*************************
Understanding Data Access
*************************
* **Public Data** Sometimes the word "public" is misinterpreted as meaning "open". All of the TCGA data is *public* data, and much of it is *open*, meaning that it is accessible and available to *all* users; while some low-level TCGA data is *controlled* and restricted to authorized users.
* **Open-Access Data** Depending on how you categorize the data, *most* of the TCGA data is open-access data. This includes all de-identified clinical and biospecimen data, as well as all Level-3 molecular data including gene expression data, DNA methylation data, DNA copy-number data, protein expression data, somatic mutation calls, etc.
* **Controlled-Access Data** All low-level sequence data (both DNA-seq and RNA-seq), the raw SNP array data (CEL files), germline mutation calls, and a small amount of other data are treated as *controlled* data and require that a user be properly authenticated and have dbGaP-authorization prior to accessing these data.

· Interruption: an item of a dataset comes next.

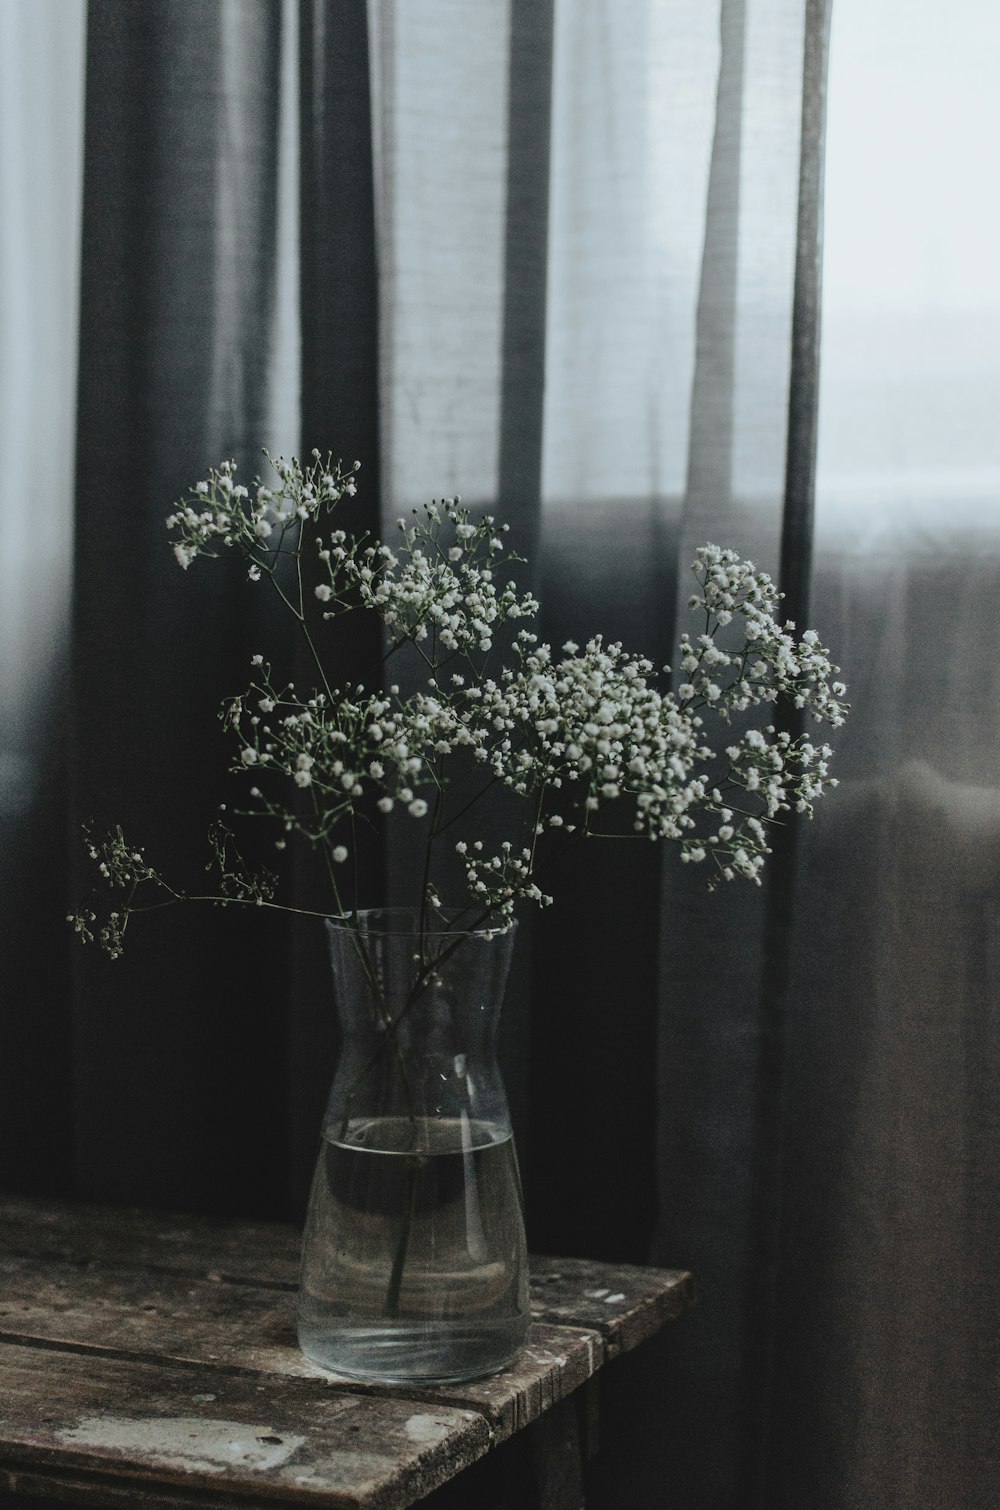 fiori bianchi in vaso di vetro trasparente

Note that many public, open-access datasets may still be **restricted** in various ways. Typically, a **License** document
containing explicit terms of use will be associated with each dataset. Some institutions have their own licenses,
though many use one of the `Creative Commons `_ licenses. License terms apply to both
data and source-code, so please be aware of the terms of a license whenever you plan to re-use data or source-code
produced by someone else.
In the earlier days of the TCGA data, although the data was made public as quickly as possible, it was generally under
**embargo** for some period of time, to allow the TCGA analysis working groups to produce the initial "marker paper"
for each tumor type. Now that the TCGA project is nearing completion, none of the TCGA data is under embargo anymore,
but we still recommend that you review the `TCGA Publication Guidelines `_.